■ WHAT YOU WILL DO:
Starting at the line below that contains "Simple but Modern Walnut Table" and ending at the line that contains "2021 Chevrolet Equinox", retype each line exactly as it stands, but omit the pictures.

■ AVAILABLE DATA:
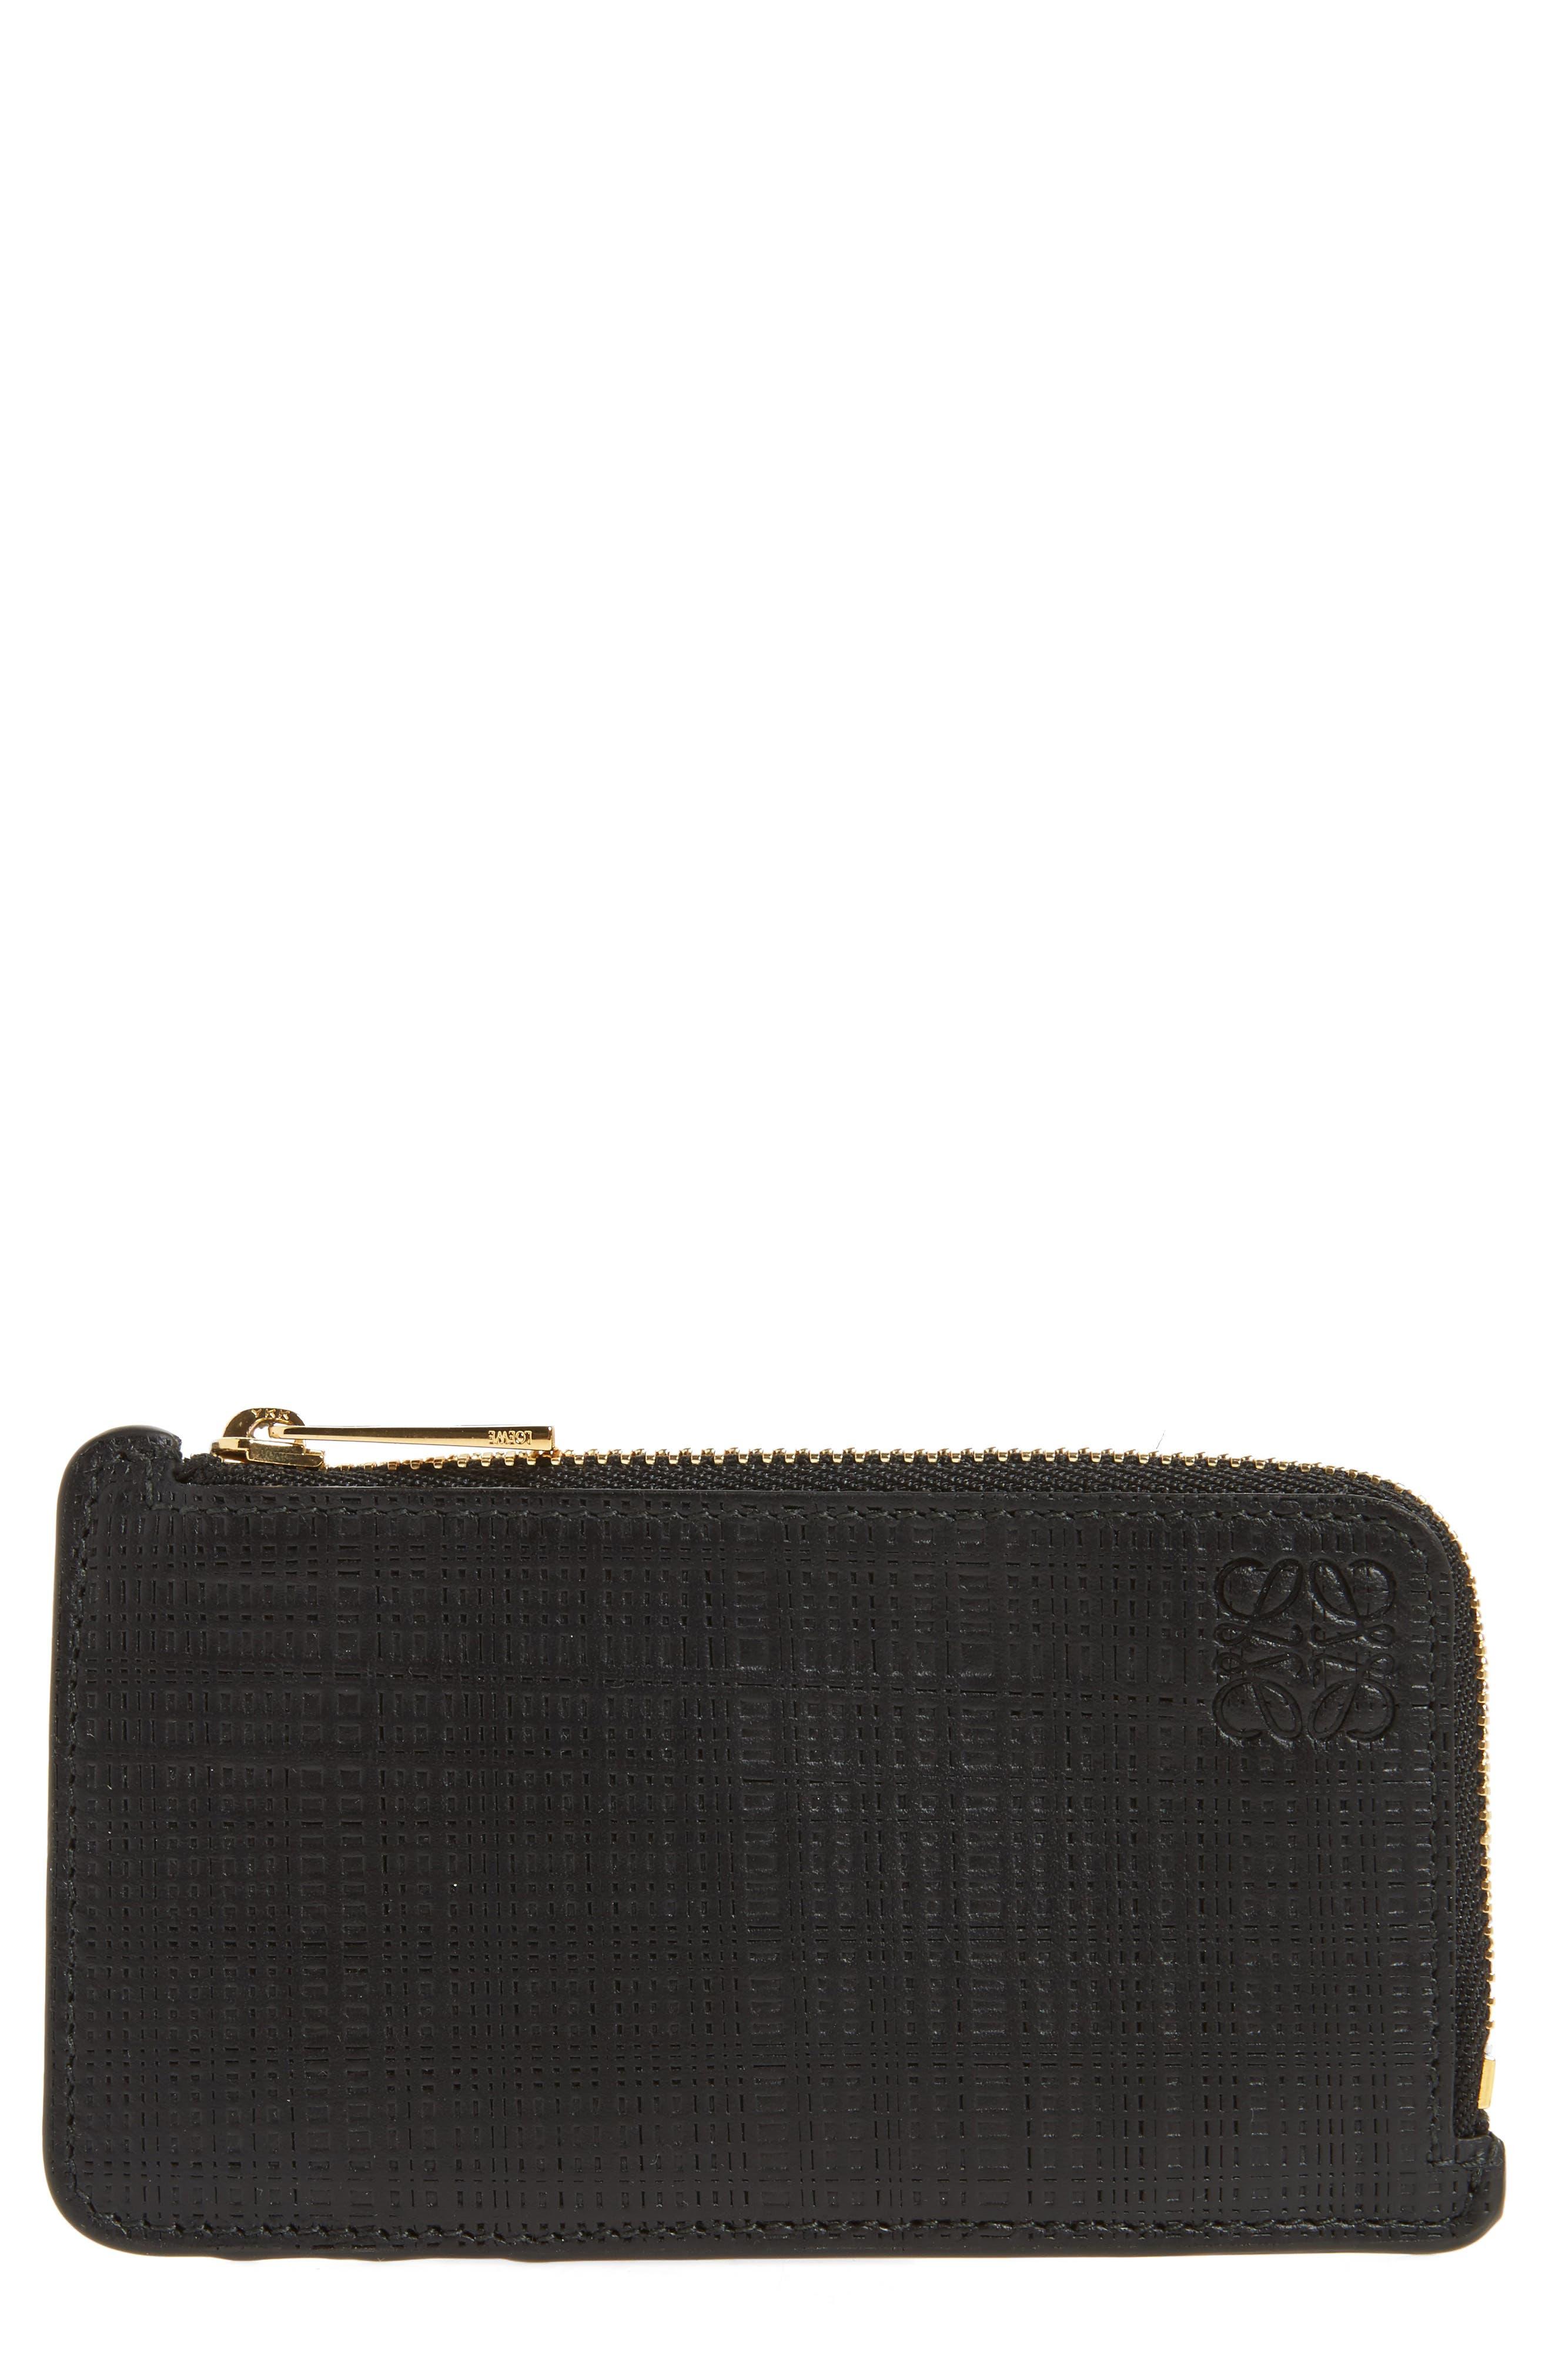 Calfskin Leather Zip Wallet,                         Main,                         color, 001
---
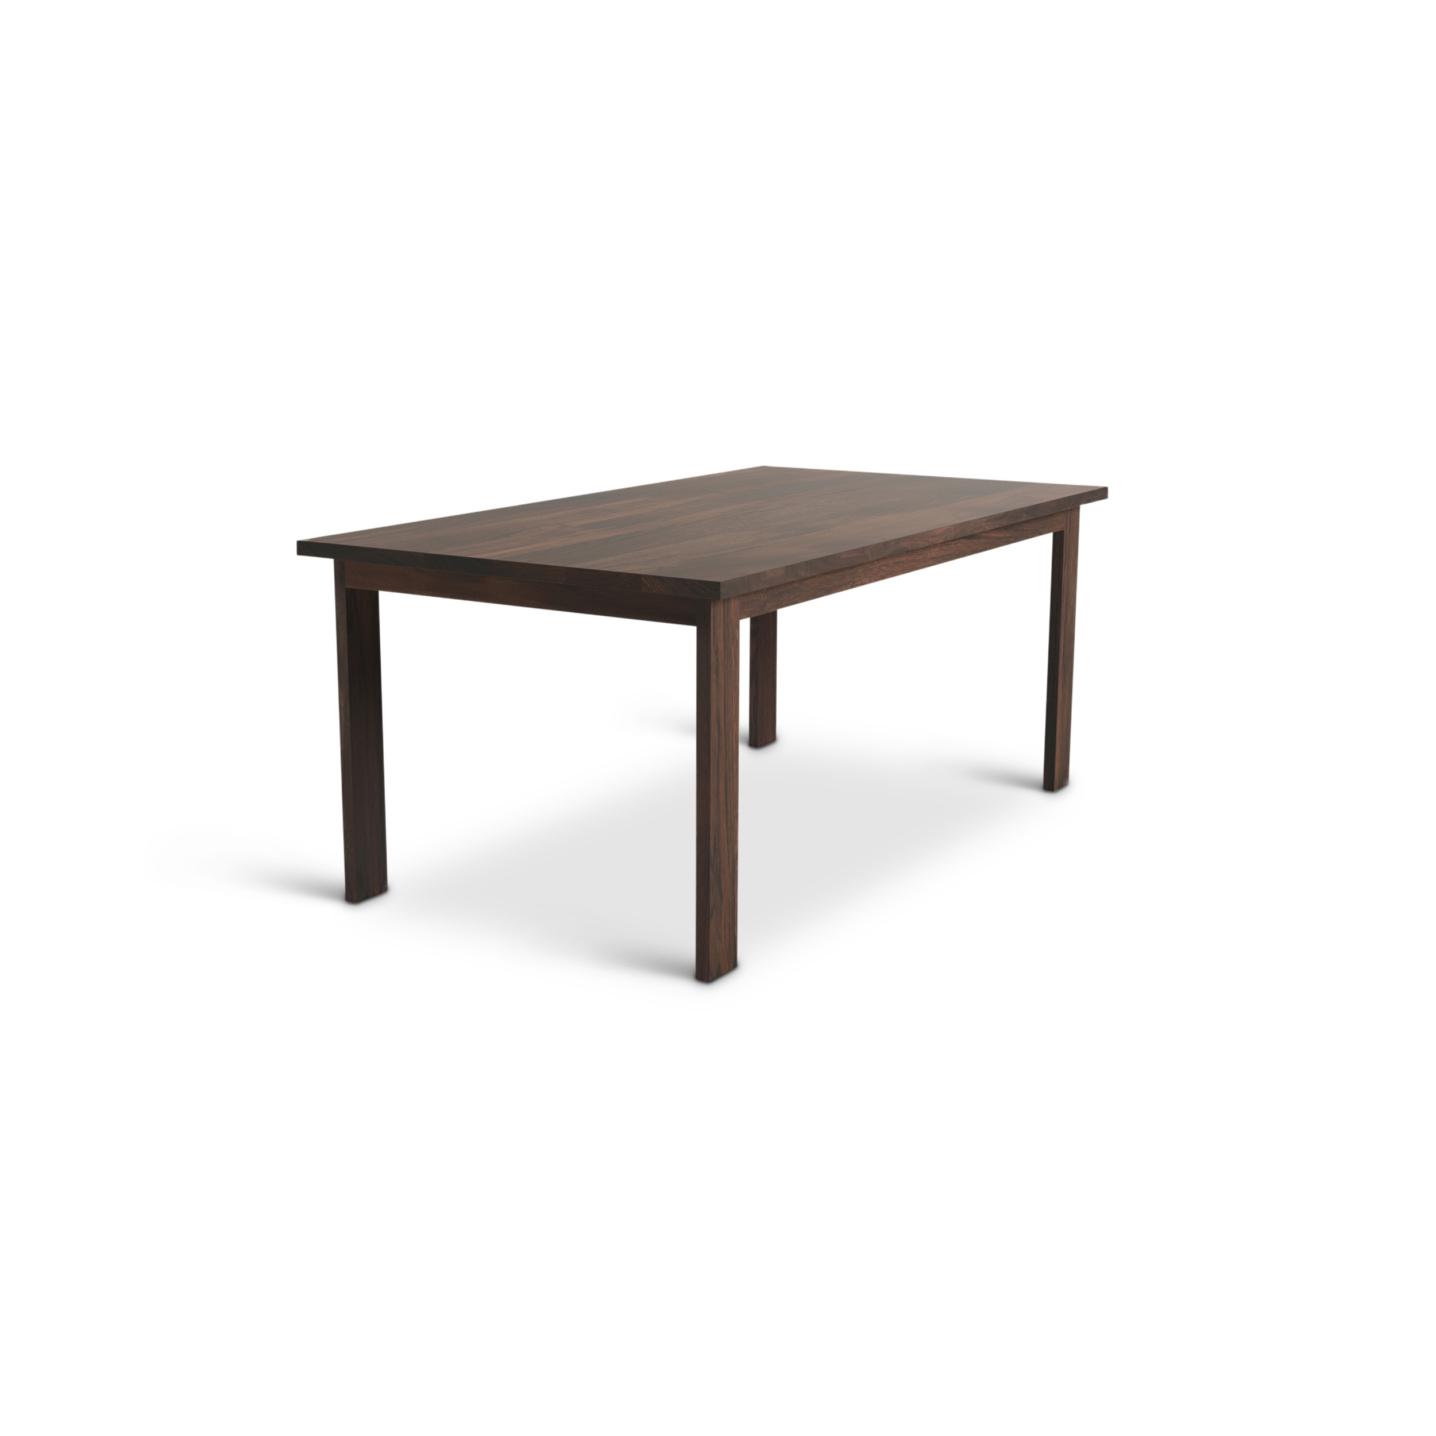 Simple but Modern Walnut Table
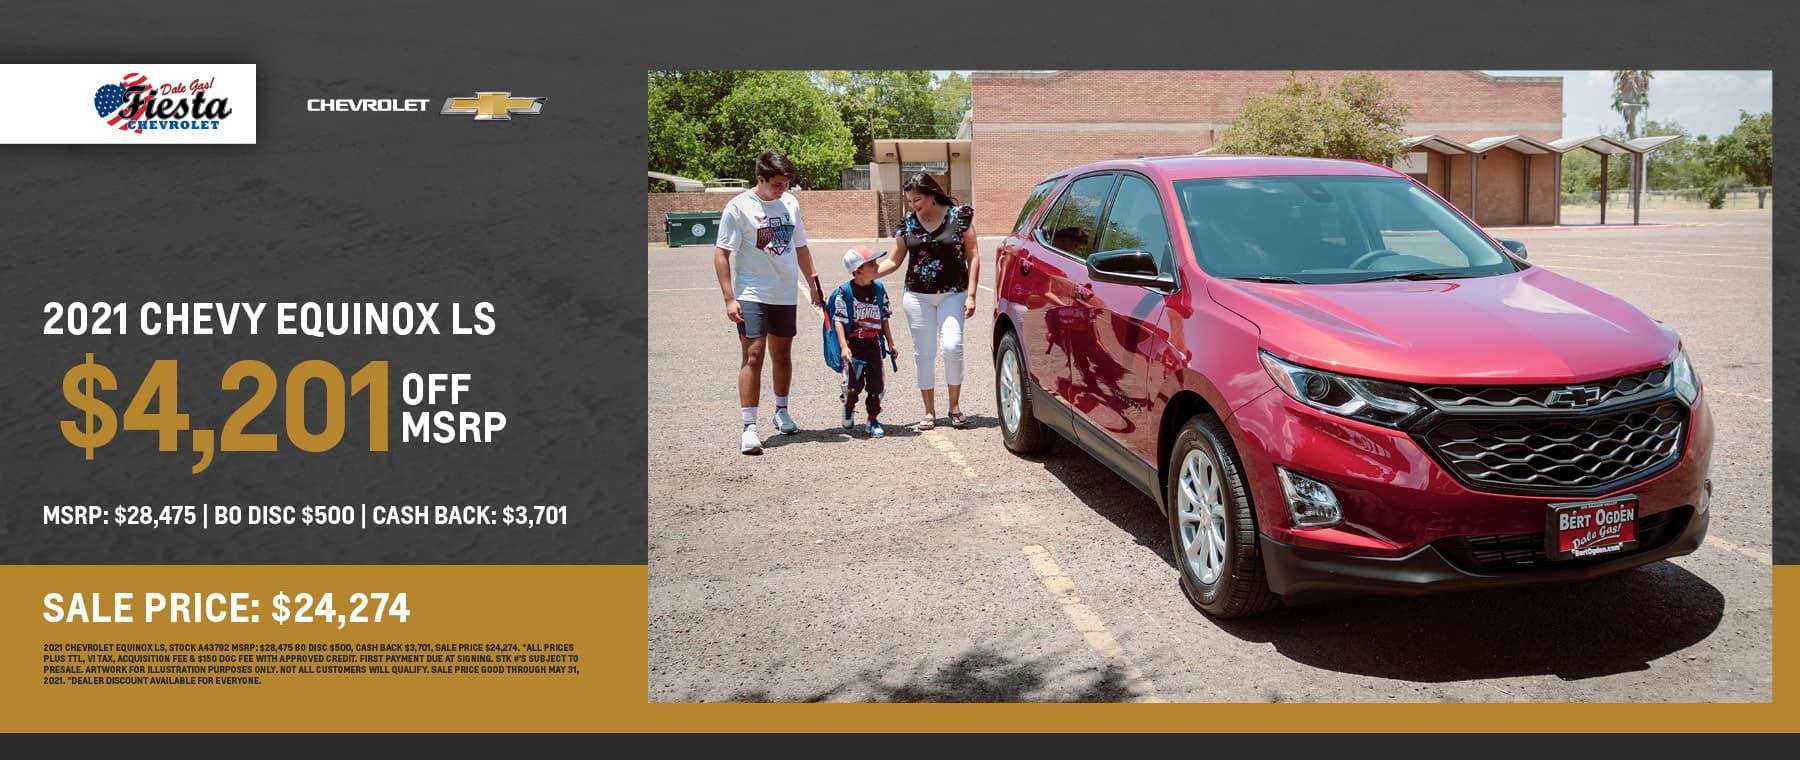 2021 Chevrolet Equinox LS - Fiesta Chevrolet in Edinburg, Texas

■ ANSWER TO THE PROBLEM:
 Simple but Modern Walnut Table
 2021 Chevrolet Equinox LS - Fiesta Chevrolet in Edinburg, Texas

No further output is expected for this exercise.